Data Driven Optimization of GPU efficiency for Distributed LLM Adapter Serving
Ferran Agullo, Joan Oliveras, Chen Wang, Alberto Gutierrez-Torre, Olivier Tardieu, Alaa Youssef, Jordi Torres, Josep Ll. Berral · Feb 27, 2026 · Citations: 0
Abstract
Large Language Model (LLM) adapters enable low-cost model specialization, but introduce complex caching and scheduling challenges in distributed serving systems where hundreds of adapters must be hosted concurrently. While prior work has largely focused on latency minimization, resource efficiency through throughput maximization remains underexplored. This paper presents a data-driven pipeline that, for a given workload, computes an adapter placement that serves the workload with the minimum number of GPUs while avoiding request starvation and GPU memory errors. To that end, the approach identifies the maximum feasible throughput attainable on each GPU by leveraging accurate performance predictions learned from real serving behavior.
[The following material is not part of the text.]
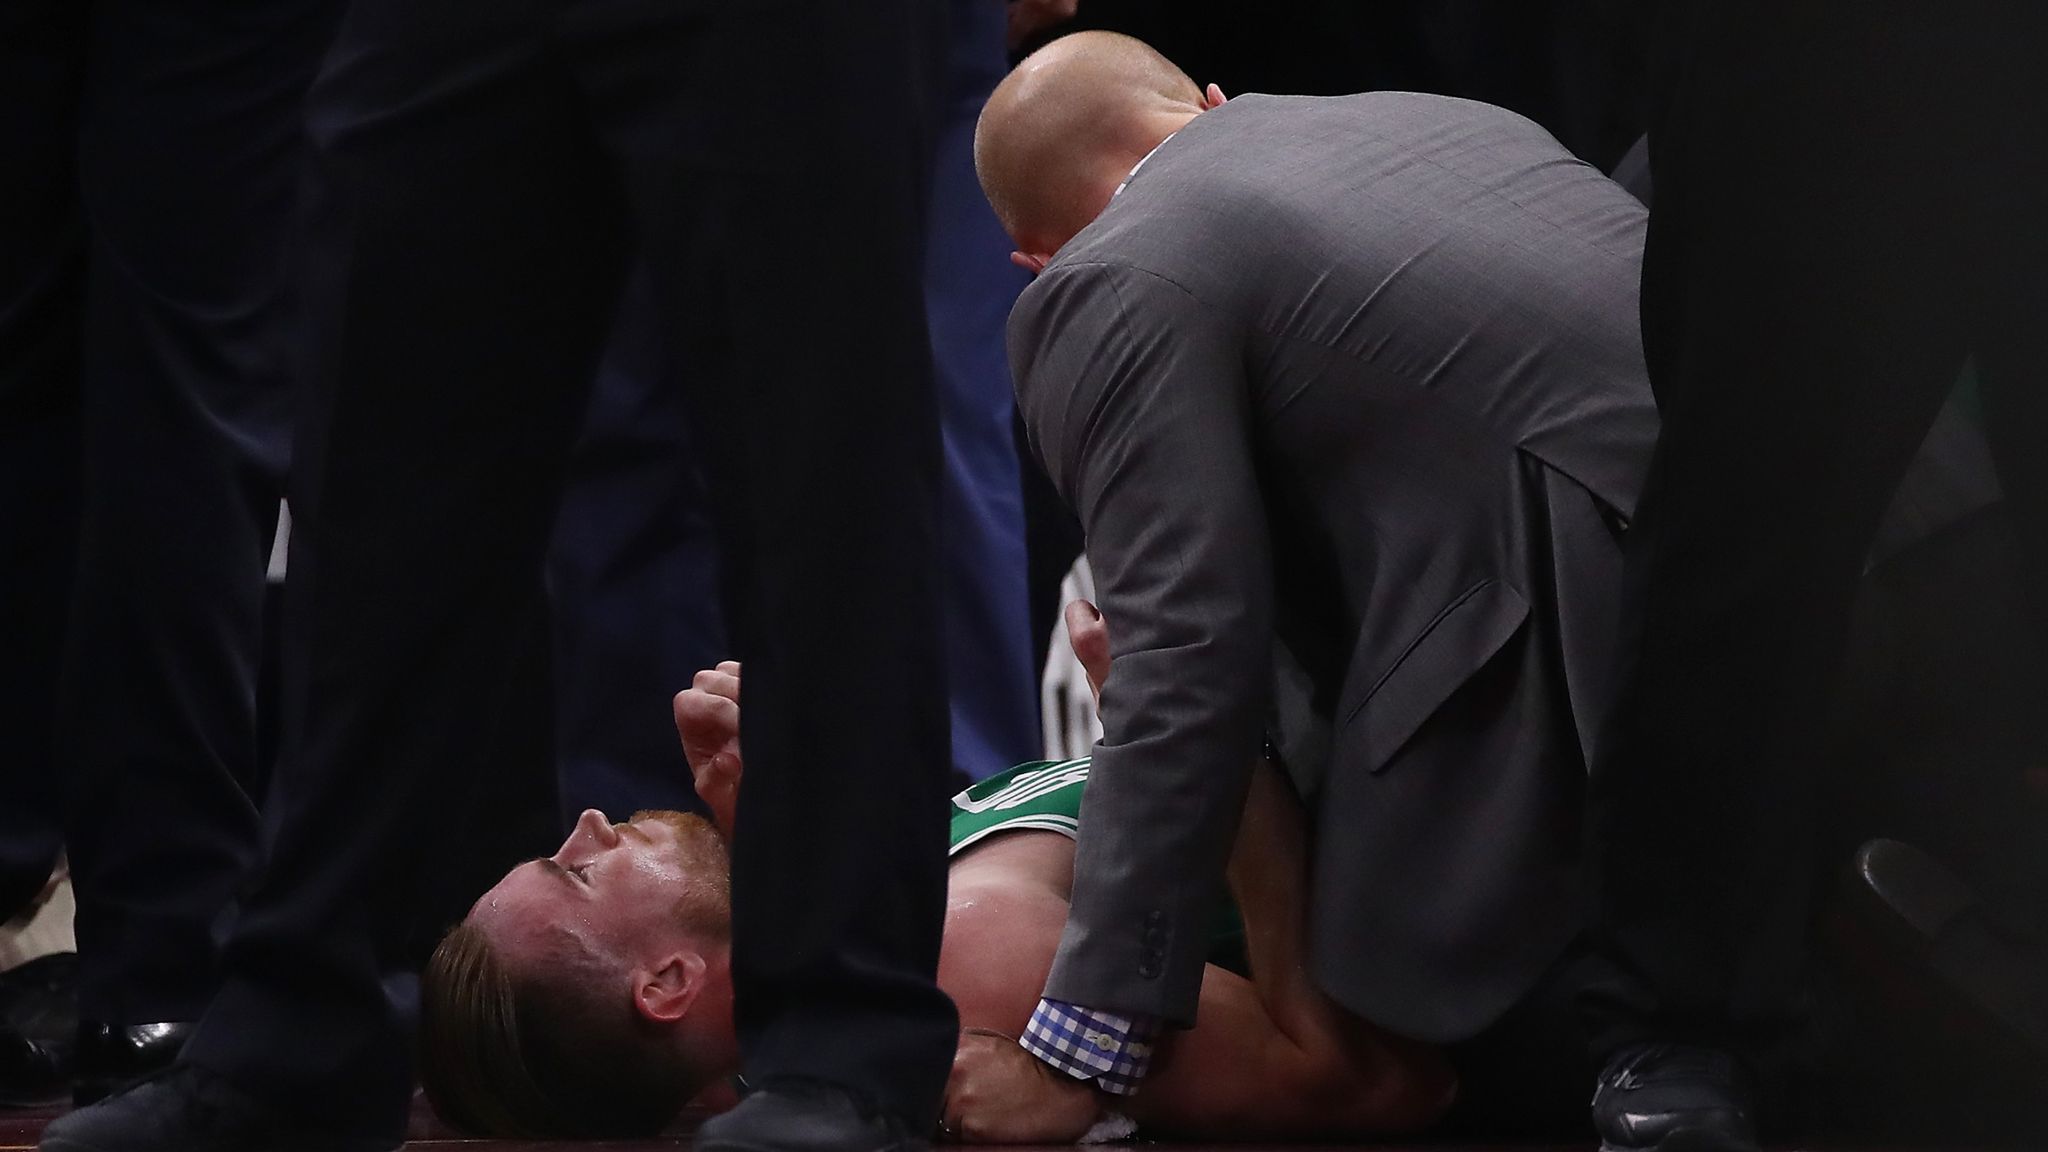 Boston Celtics' Gordon Hayward suffers fractured ankle in season opener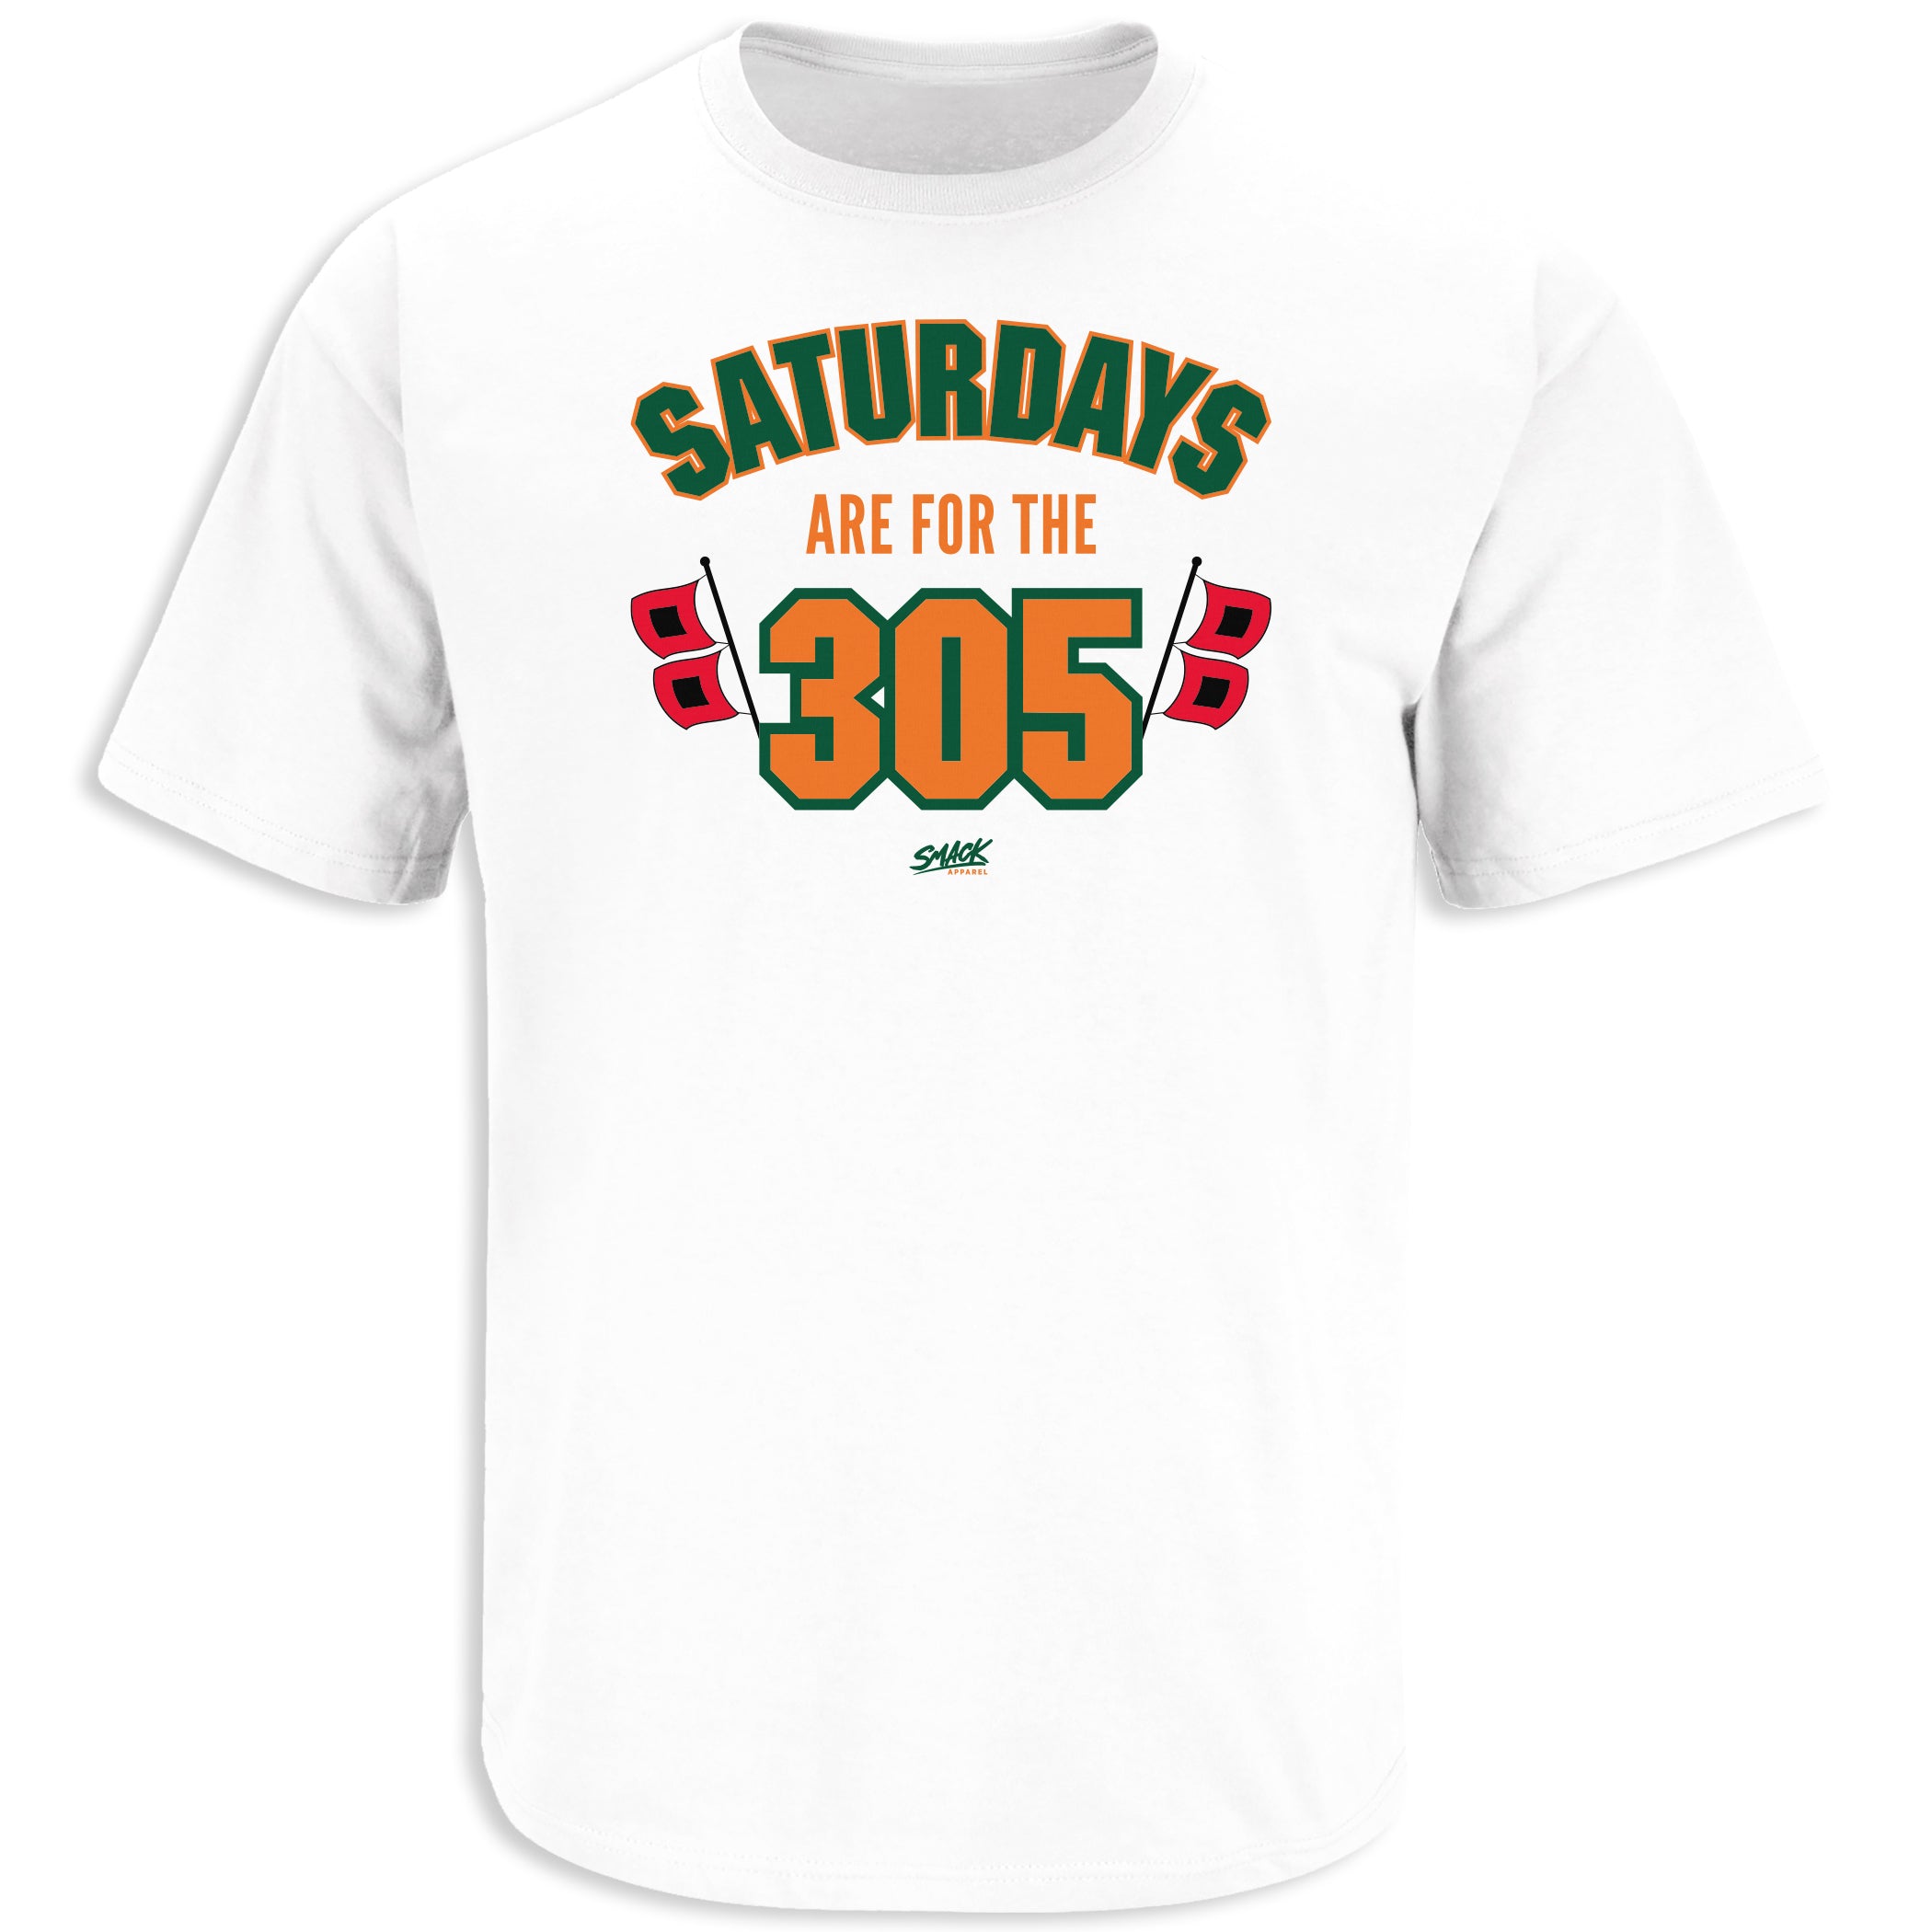 Miami Saturdays Are For The 305 T-Shirt - White

The proposed pipeline integrates three components: (i) a Digital Twin (DT) tailored to LLM-adapter serving, (ii) a distilled machine learning (ML) model trained on DT-generated data, and (iii) a greedy placement algorithm that exploits ML-based performance estimates to maximize GPU efficiency. The DT emulates real system dynamics with high fidelity, achieving below 5% throughput estimation error while executing up to 90 times faster than full LLM benchmarking across both predictable and unpredictable workloads. The learned ML models further accelerate performance estimation with marginal accuracy degradation, enabling scalable optimization. Experimental results demonstrate that the pipeline substantially improves GPU efficiency by reducing the number of GPUs required to sustain target workloads. Beyond GPU efficiency, the pipeline can be adapted to alternative objectives, such as latency minimization, highlighting its versatility for future large-scale LLM serving infrastructures.